**Provided data**
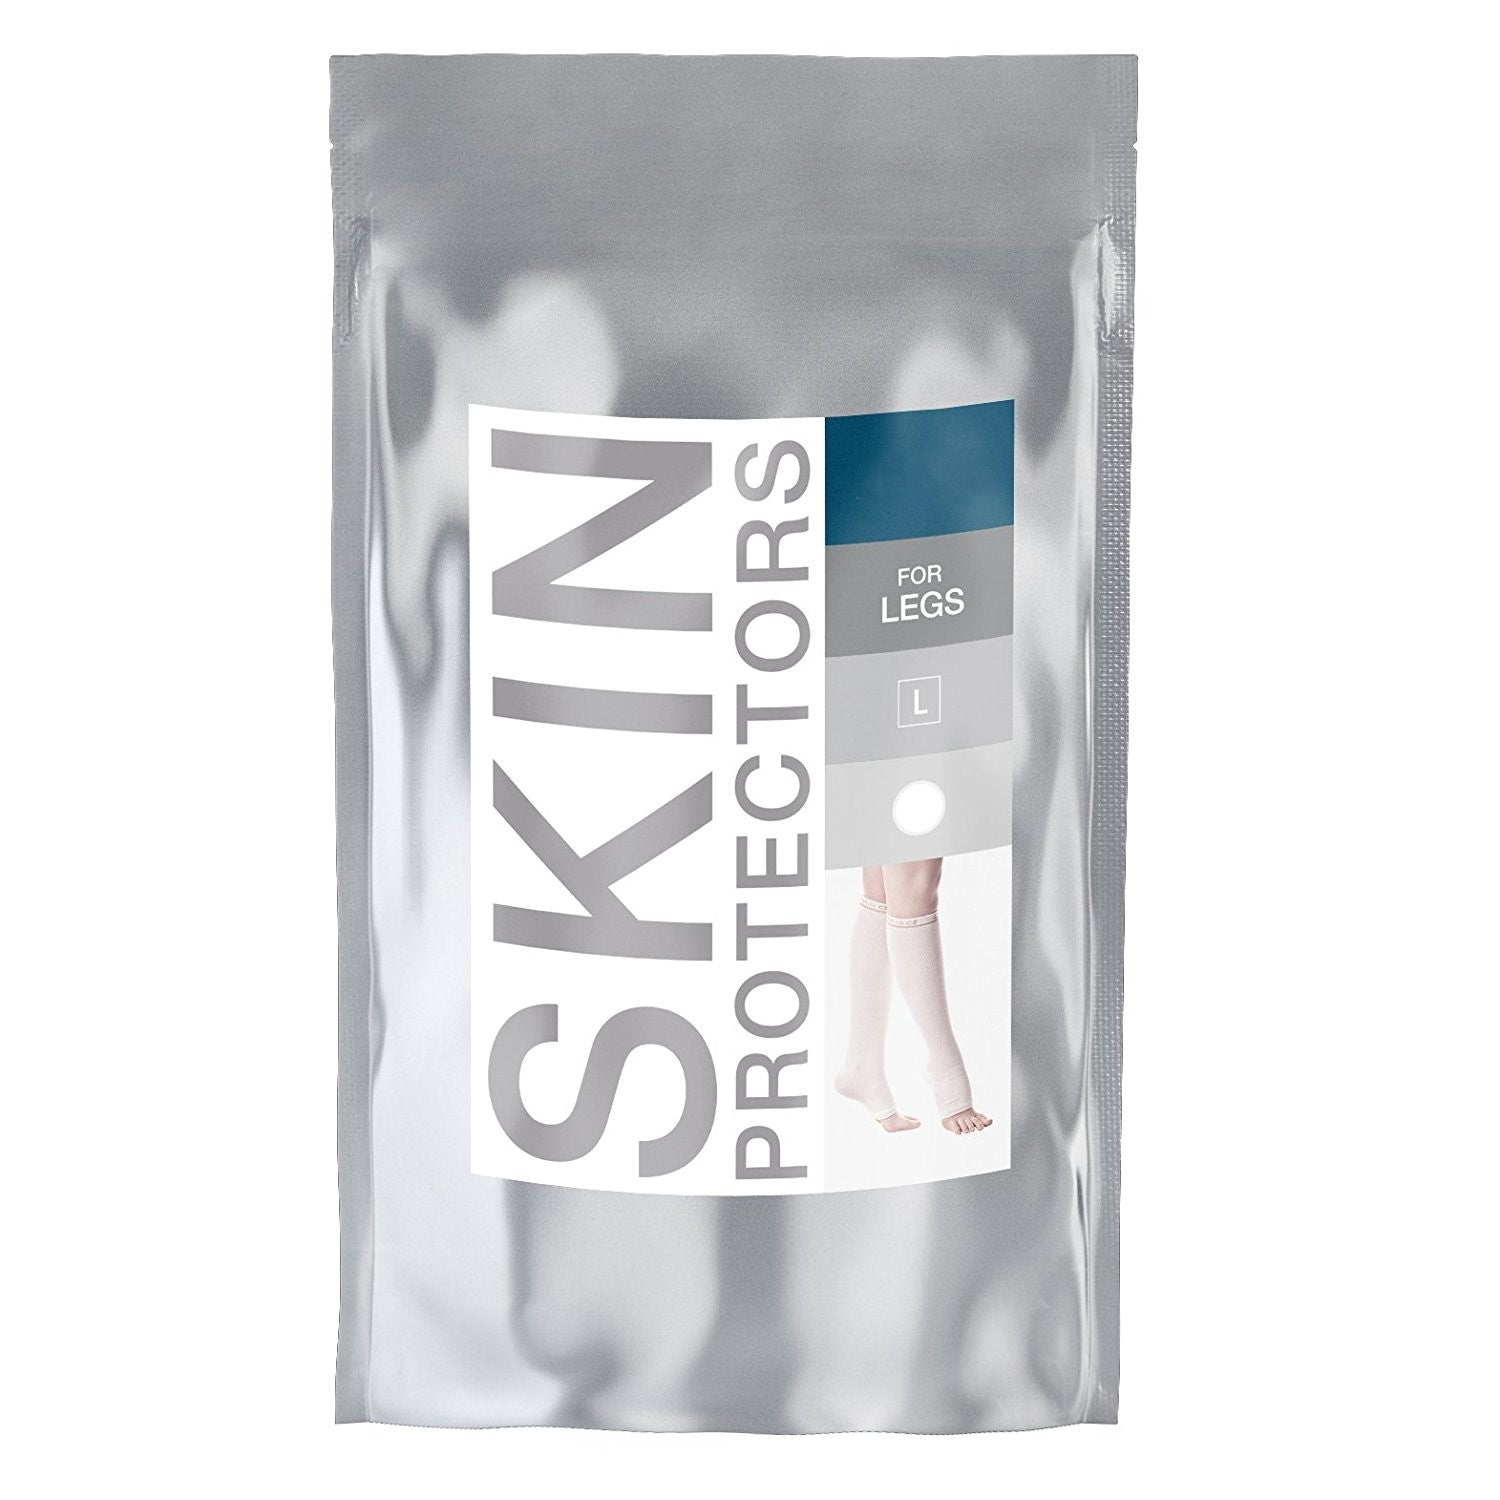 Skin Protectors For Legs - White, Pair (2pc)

==

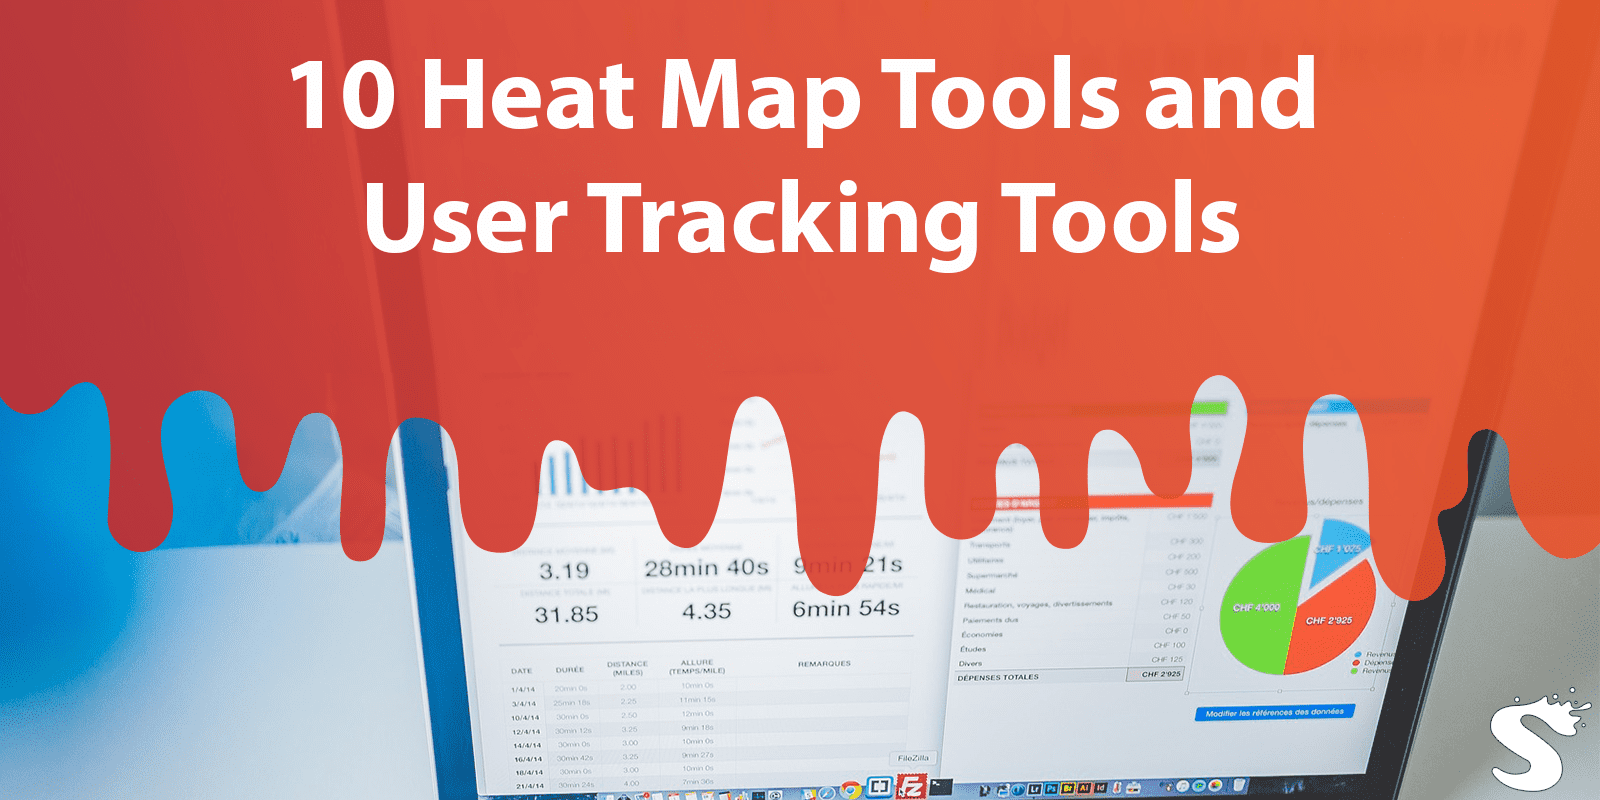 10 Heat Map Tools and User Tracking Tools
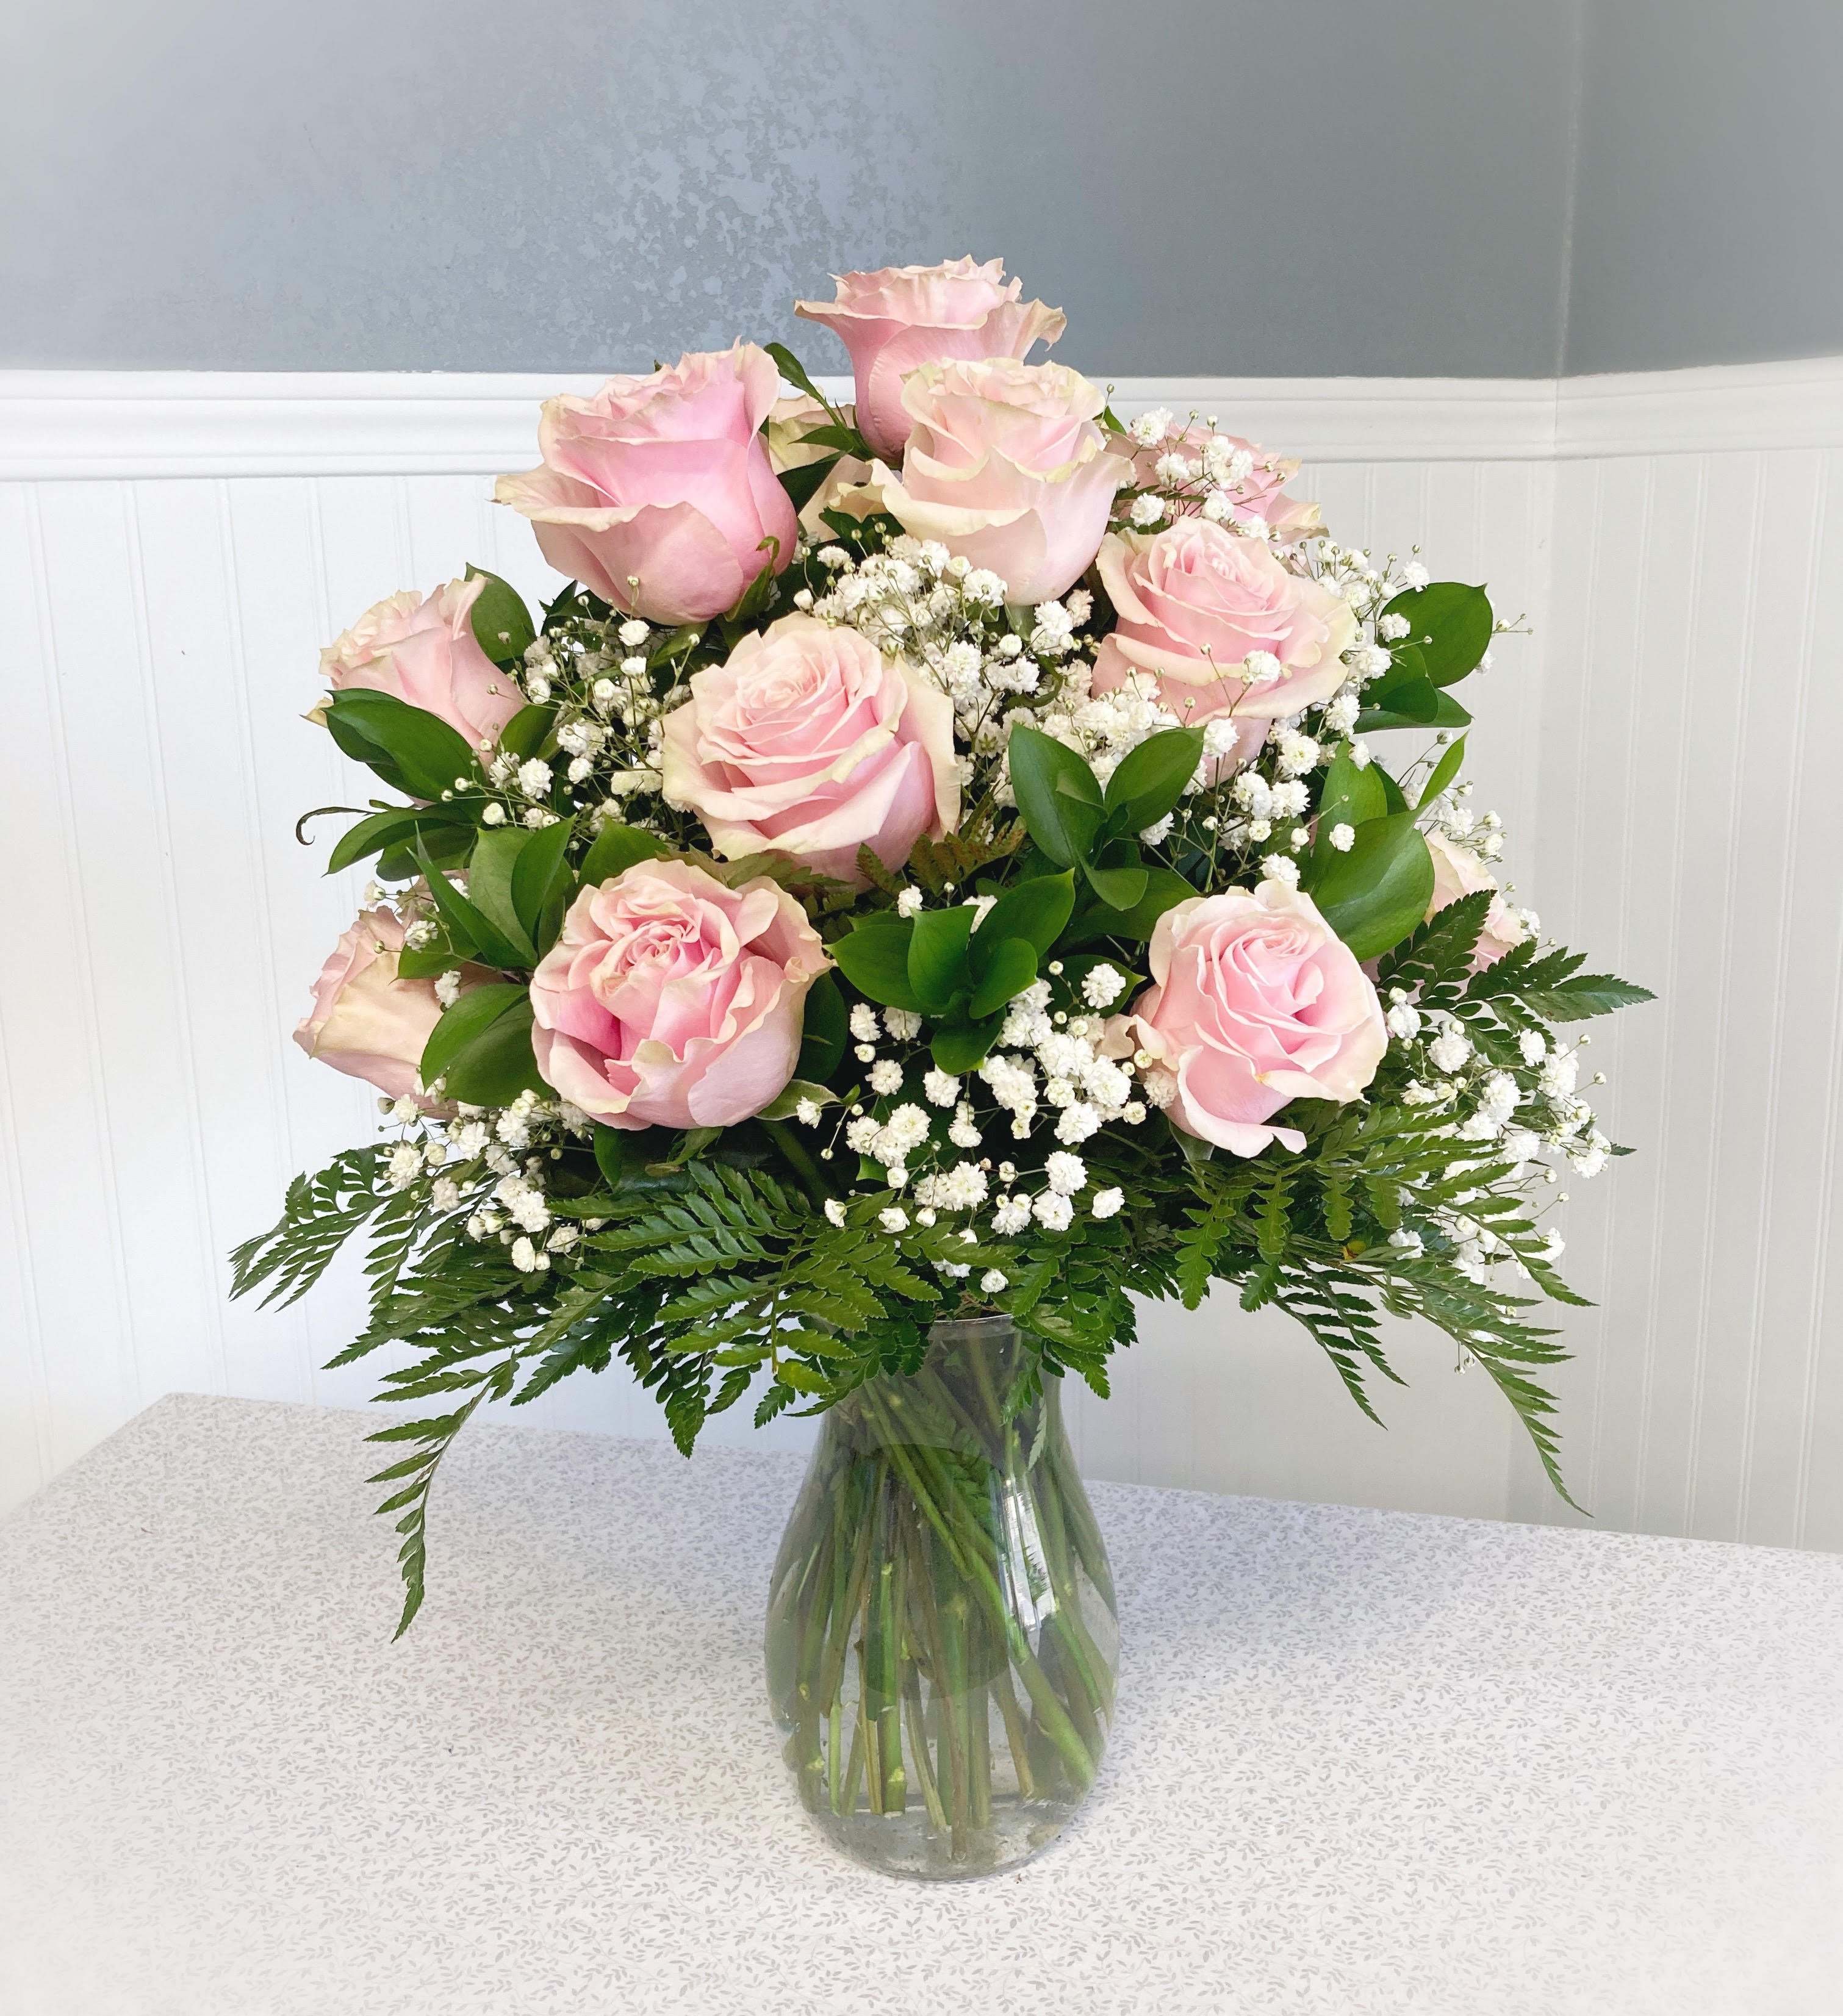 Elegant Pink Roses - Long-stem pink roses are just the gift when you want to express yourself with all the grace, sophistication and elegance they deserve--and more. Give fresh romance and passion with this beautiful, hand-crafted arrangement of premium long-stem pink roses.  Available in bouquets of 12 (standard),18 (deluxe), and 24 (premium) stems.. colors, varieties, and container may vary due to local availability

**What is required**
Exactly reproduce the lines above, starting at the one that contains "10 Heat Map Tools and User Tracking Tools" and ending at the one that contains "Elegant Pink Roses", both inclusive; leave the pictures out and add no other lines.

**The answer**
 10 Heat Map Tools and User Tracking Tools
 Elegant Pink Roses - Long-stem pink roses are just the gift when you want to express yourself with all the grace, sophistication and elegance they deserve--and more. Give fresh romance and passion with this beautiful, hand-crafted arrangement of premium long-stem pink roses.  Available in bouquets of 12 (standard),18 (deluxe), and 24 (premium) stems.. colors, varieties, and container may vary due to local availability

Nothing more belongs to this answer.